● **Collected material**:
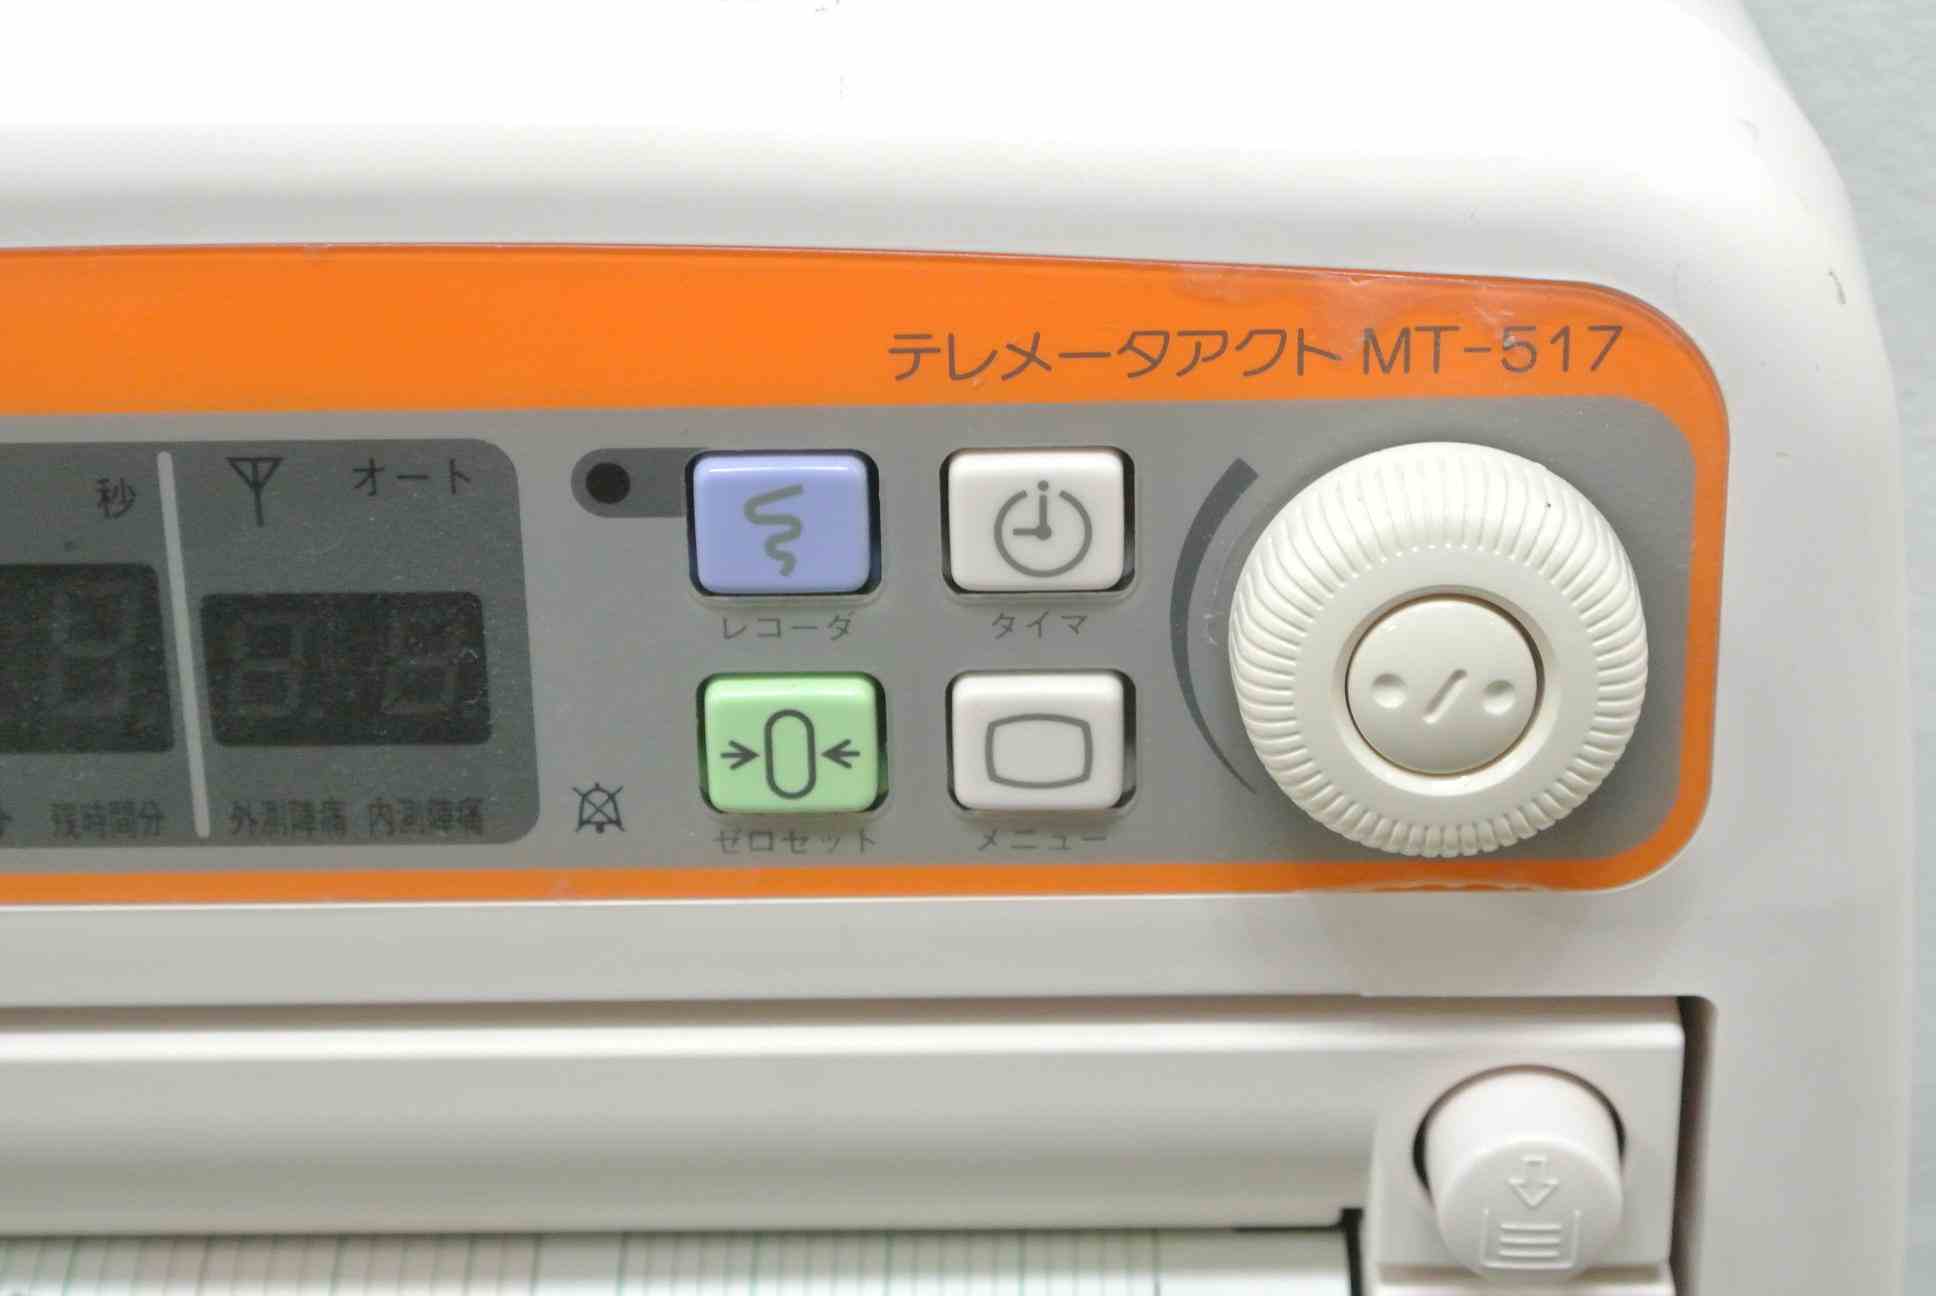 産婦人科機器|トーイツ|分娩監視装置|MT-517|中古医療機器 エム・キャスト|
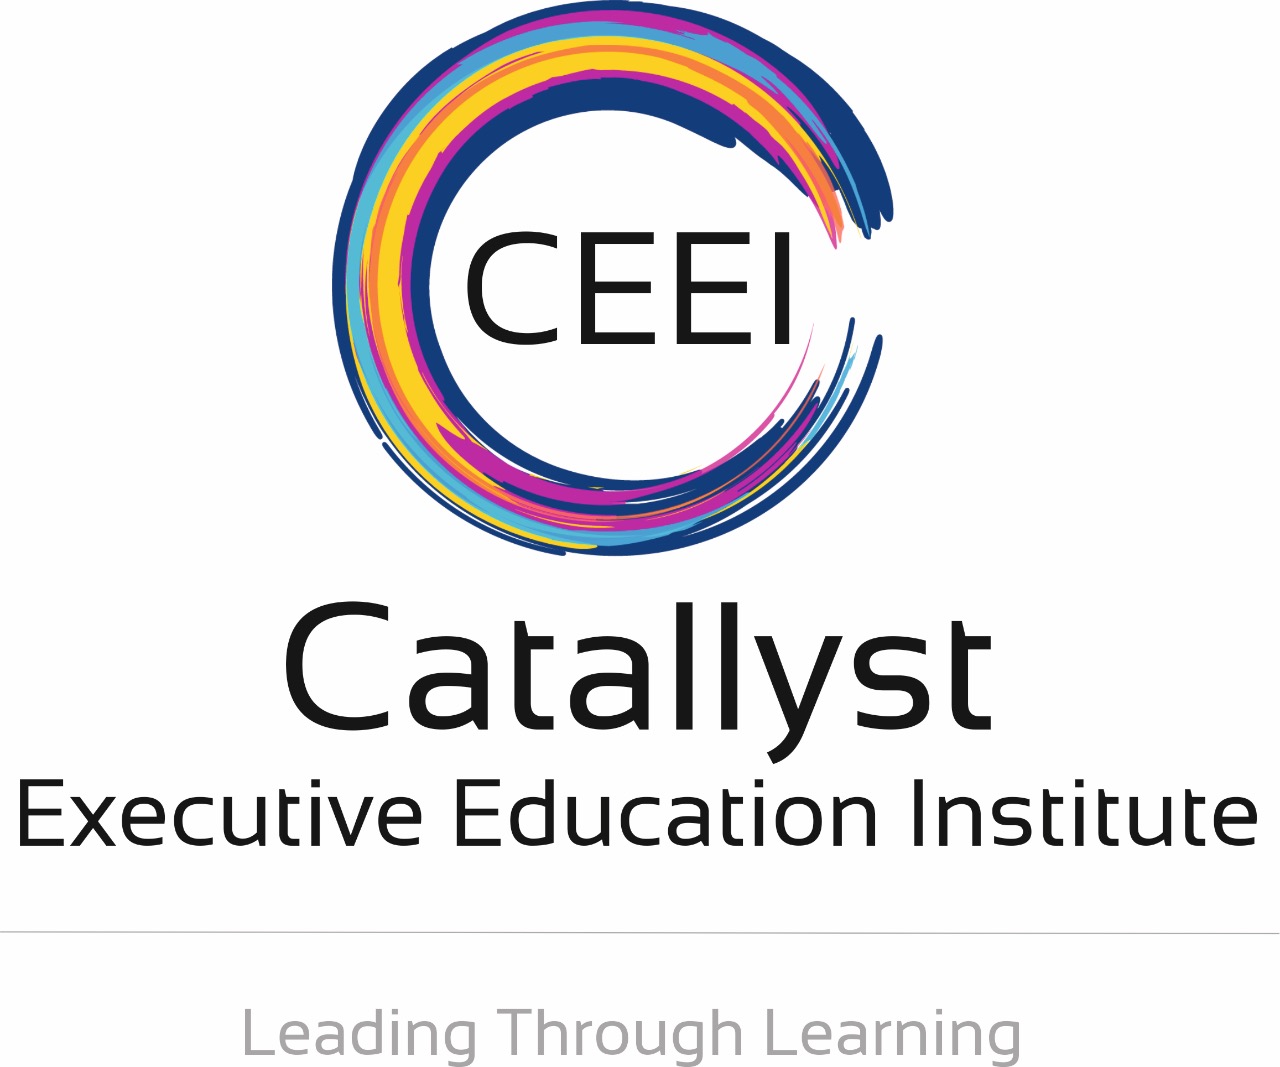 Catallyst Executive Education Institute
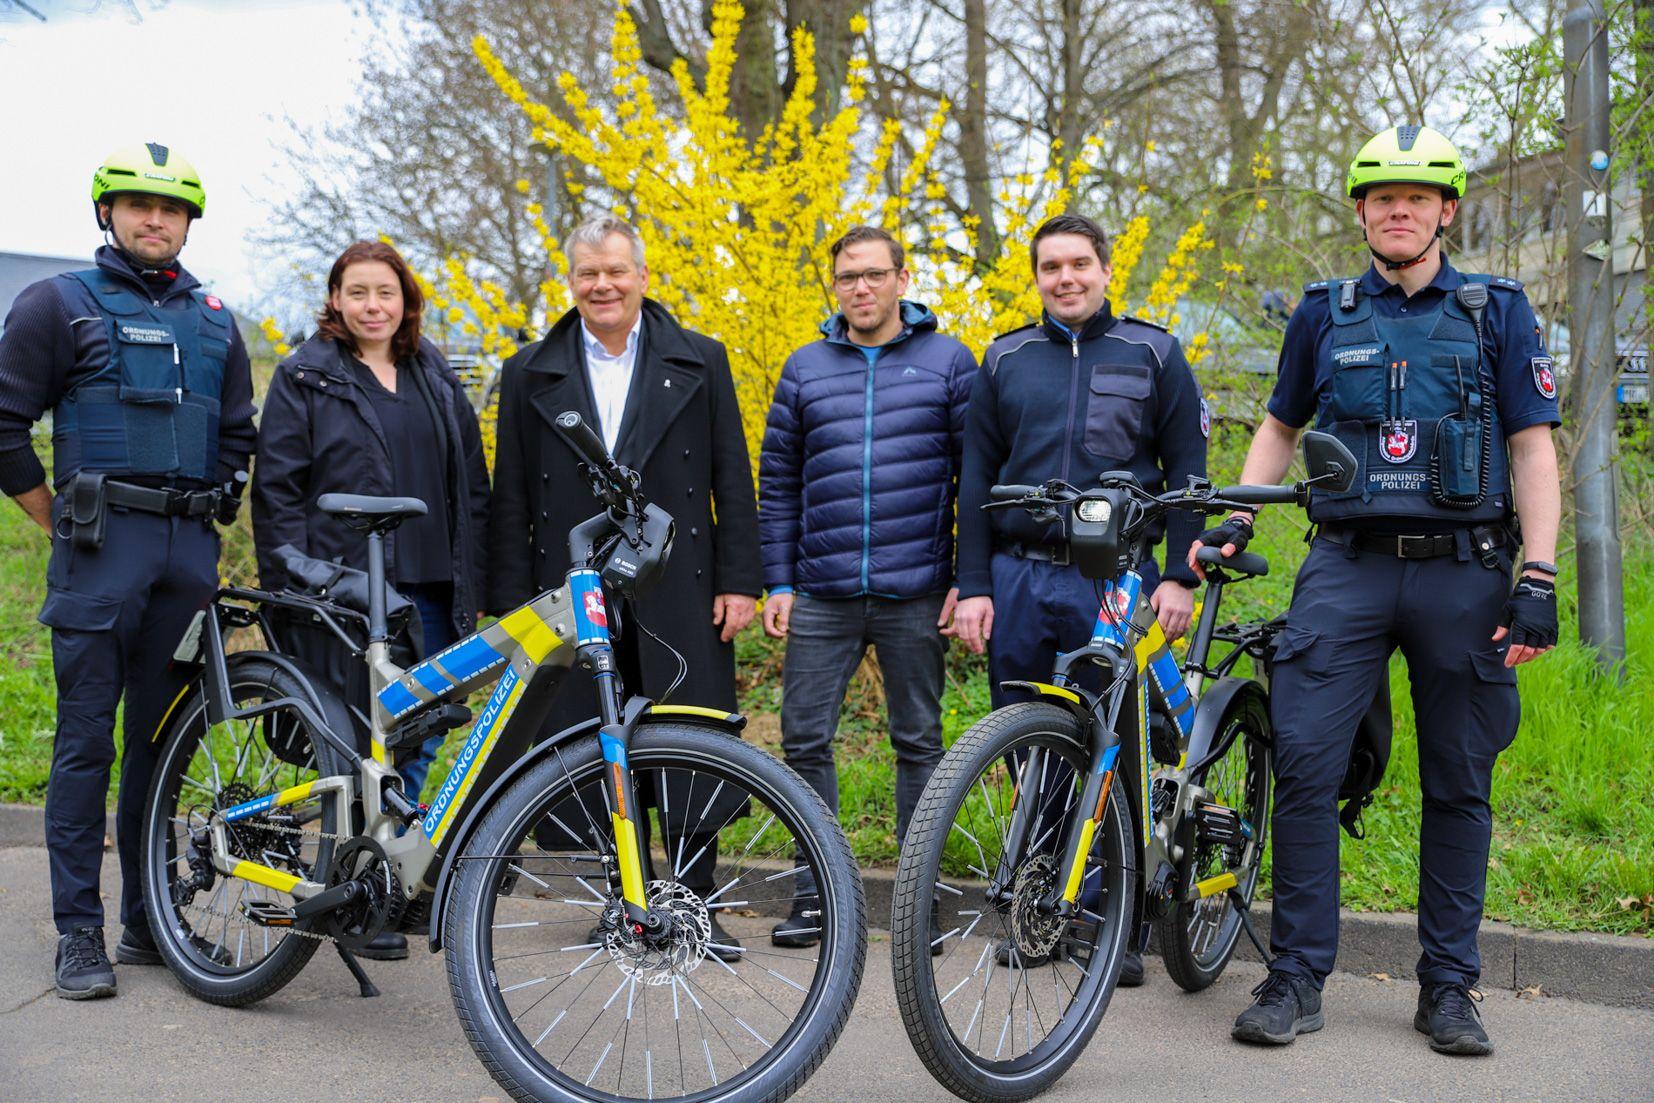 Innovative Fahrradstaffel für Sicherheit und Ordnung in Marburg | Symbolbild

● **What to produce**:
Transcribe only the lines from the one holding "Catallyst Executive Education Institute" through the last line of the listing above, inclusive, and do not include the pictures.

● **Written solution**:
 Catallyst Executive Education Institute
 Innovative Fahrradstaffel für Sicherheit und Ordnung in Marburg | Symbolbild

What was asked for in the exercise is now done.